INSTRUCTIONS FOR THE TASK:
Where the data below shows a picture, leave that picture out and copy the rest exactly.

DATASET SECTION:
● ● ● ●

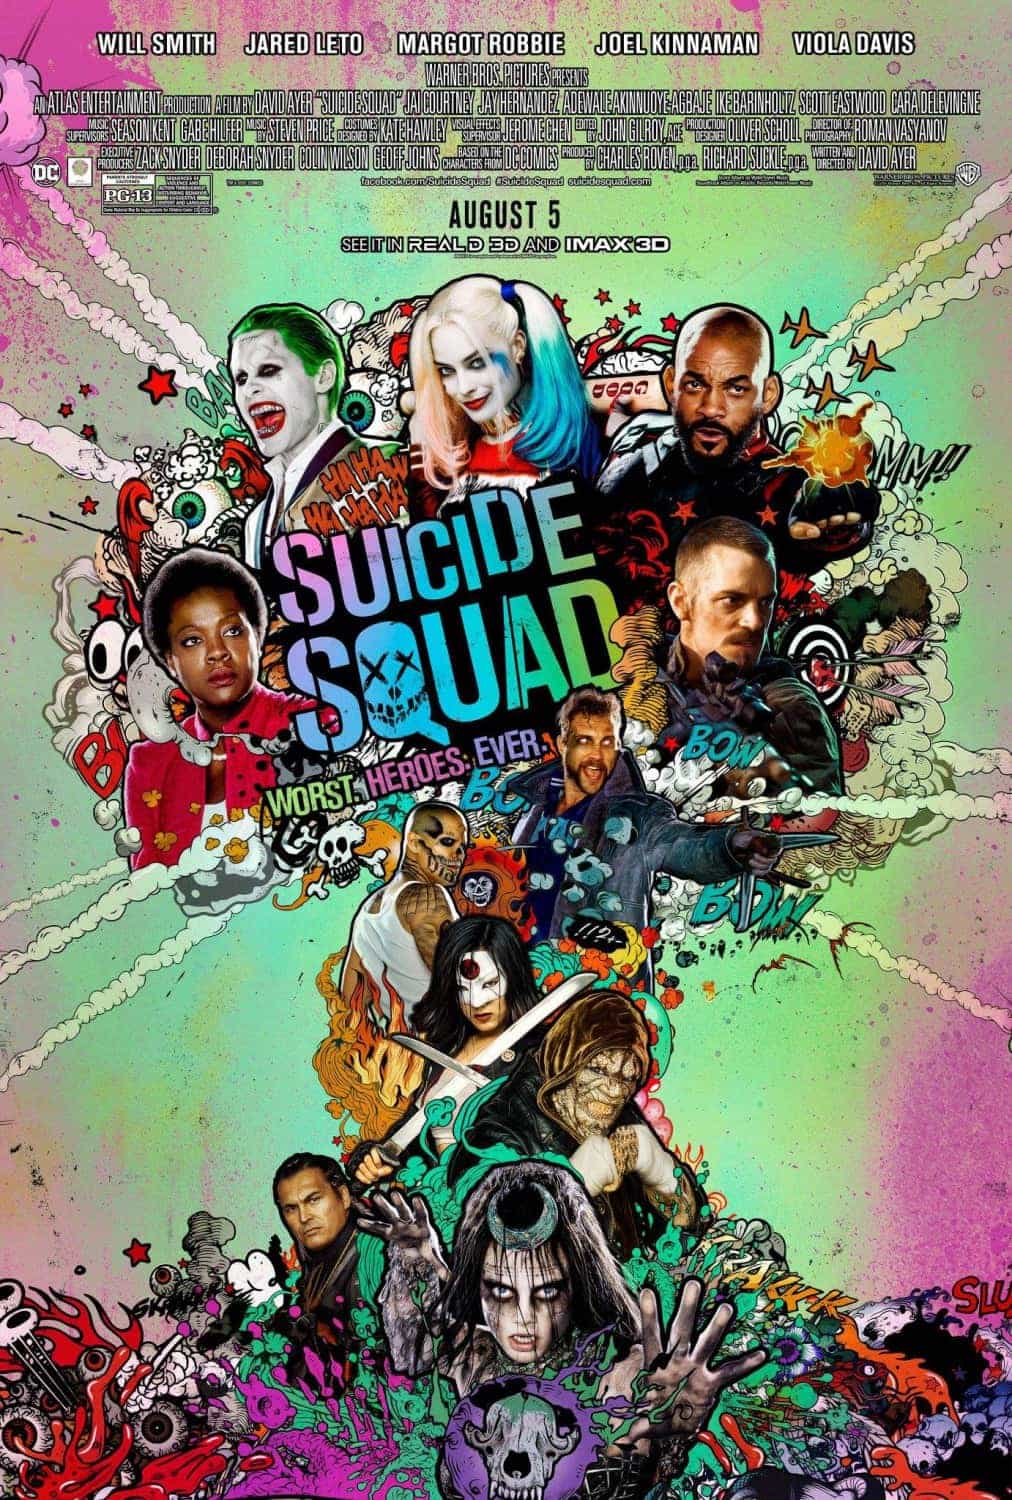 First trailer for Suicide Squad, dark!
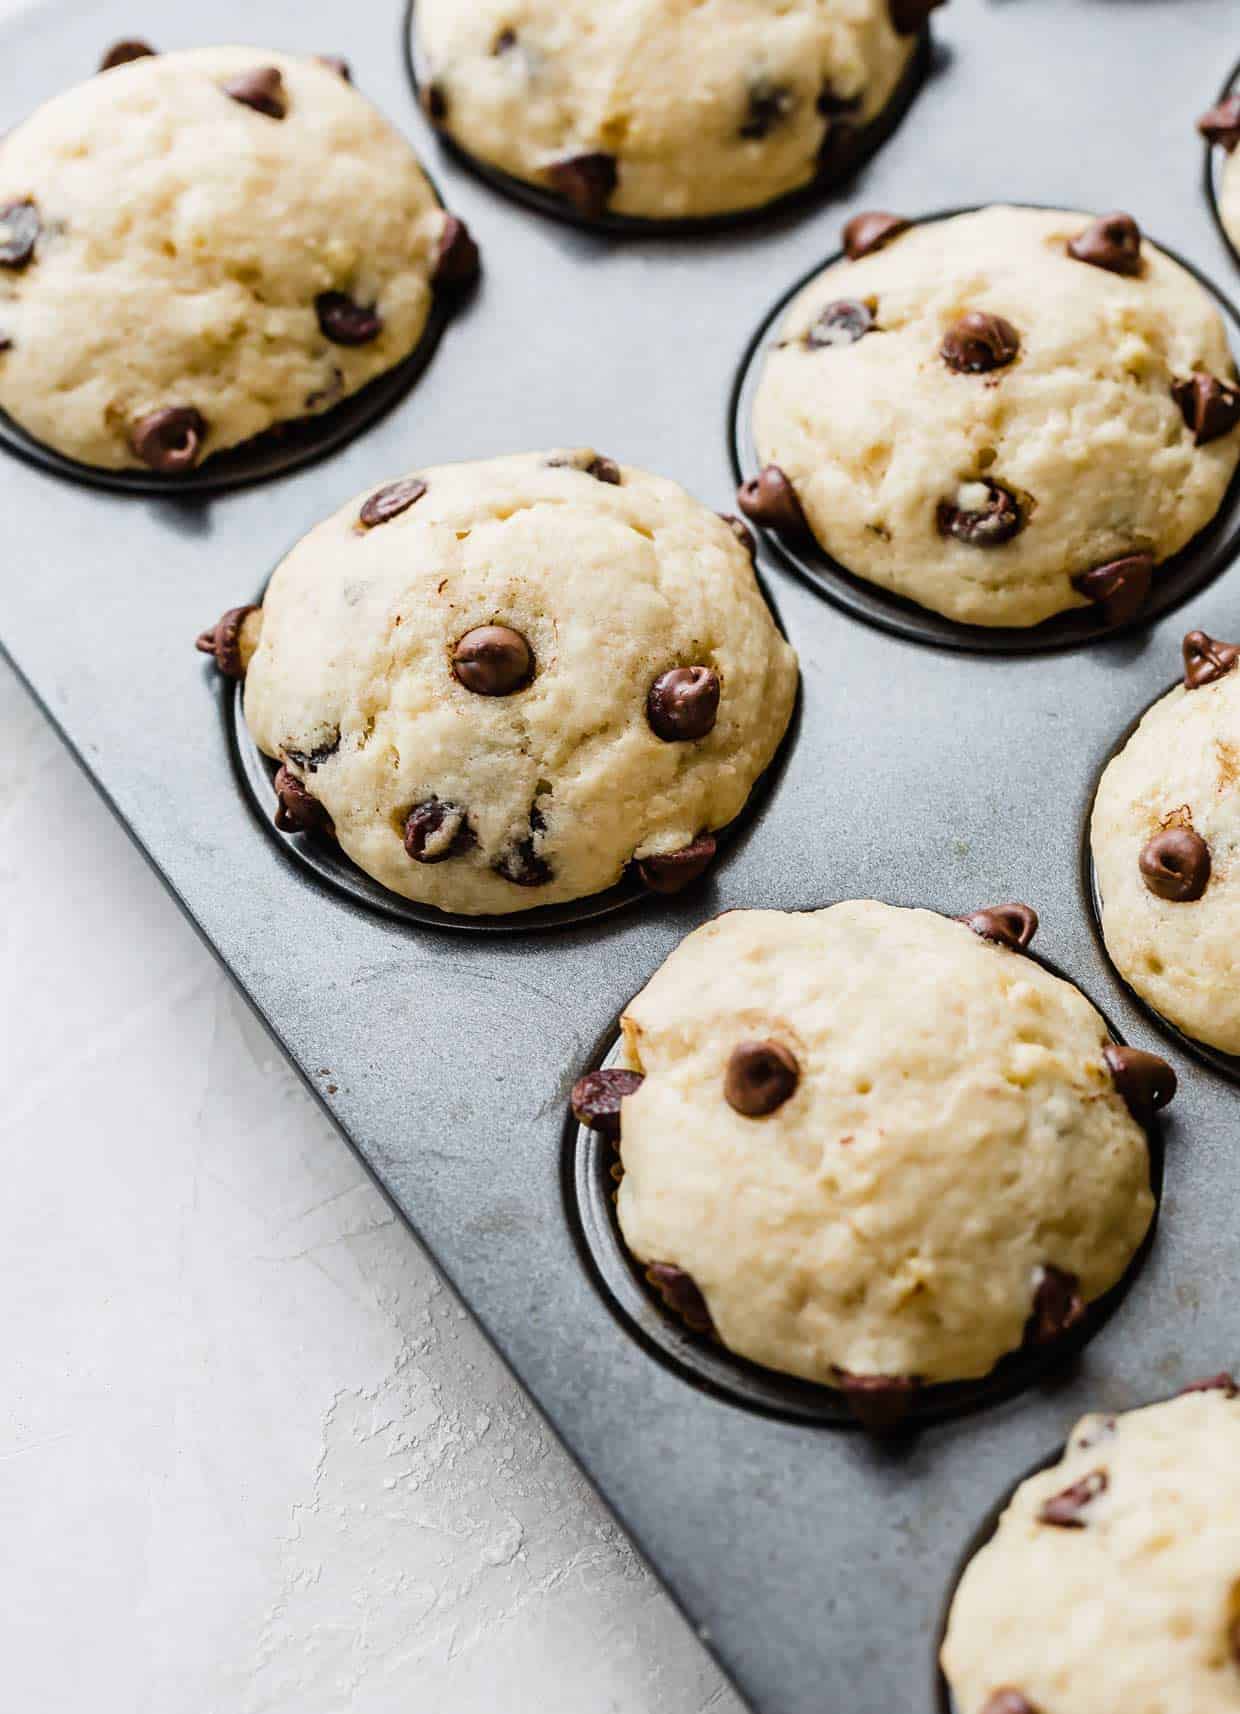 Baked banana chocolate chip muffins with buttermilk, in a muffin tin.
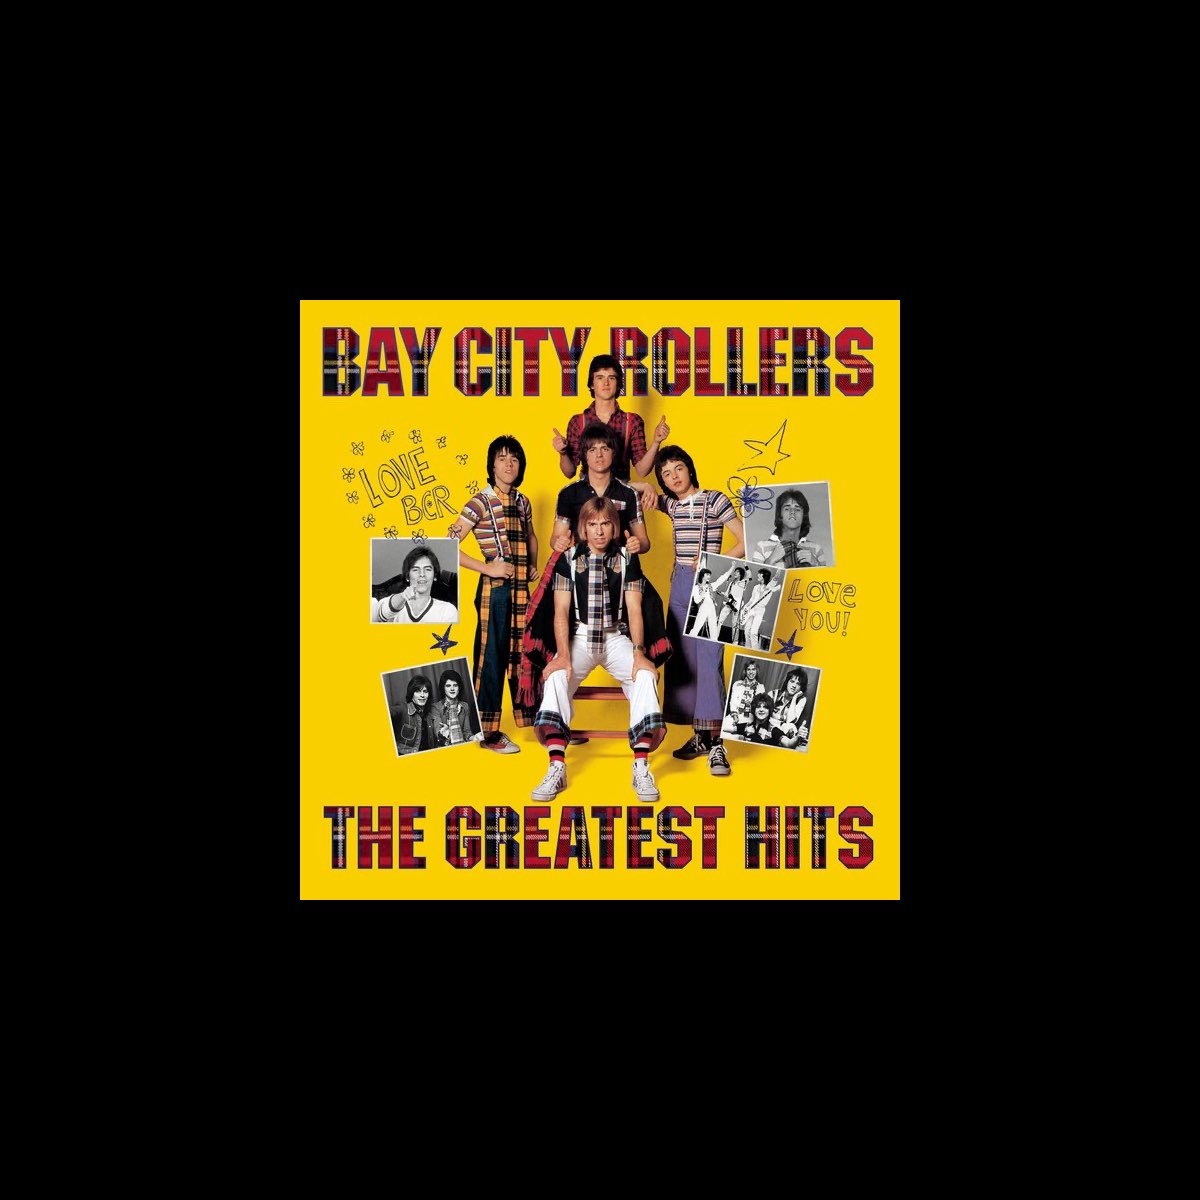 Bay City Rollers: The Greatest Hits by Bay City Rollers on Apple Music
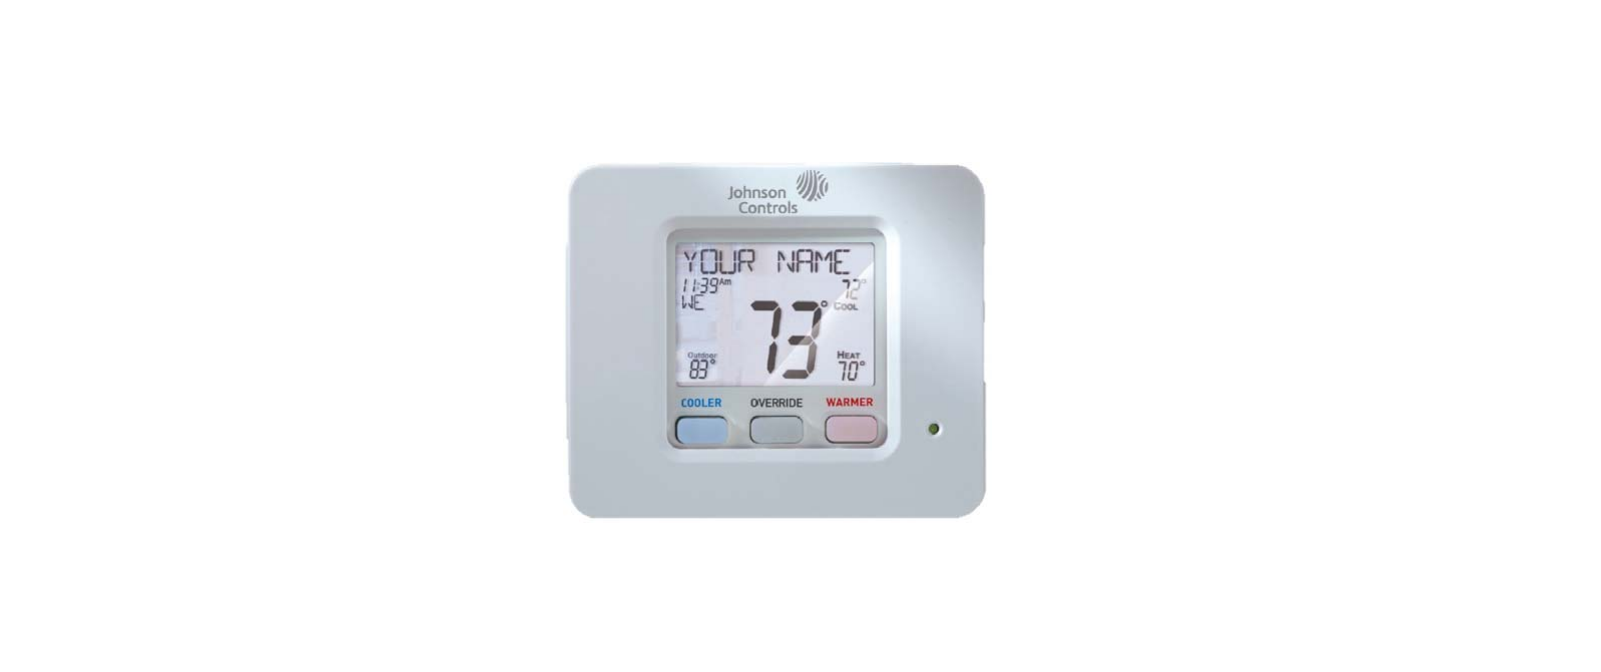 Johnson Controls T8490 Digital Room Thermostat PRODUCT SPECIFICATION GUIDE

● ● ● ●

RESPONSE AREA:
 First trailer for Suicide Squad, dark!
 Baked banana chocolate chip muffins with buttermilk, in a muffin tin.
 Bay City Rollers: The Greatest Hits by Bay City Rollers on Apple Music
 Johnson Controls T8490 Digital Room Thermostat PRODUCT SPECIFICATION GUIDE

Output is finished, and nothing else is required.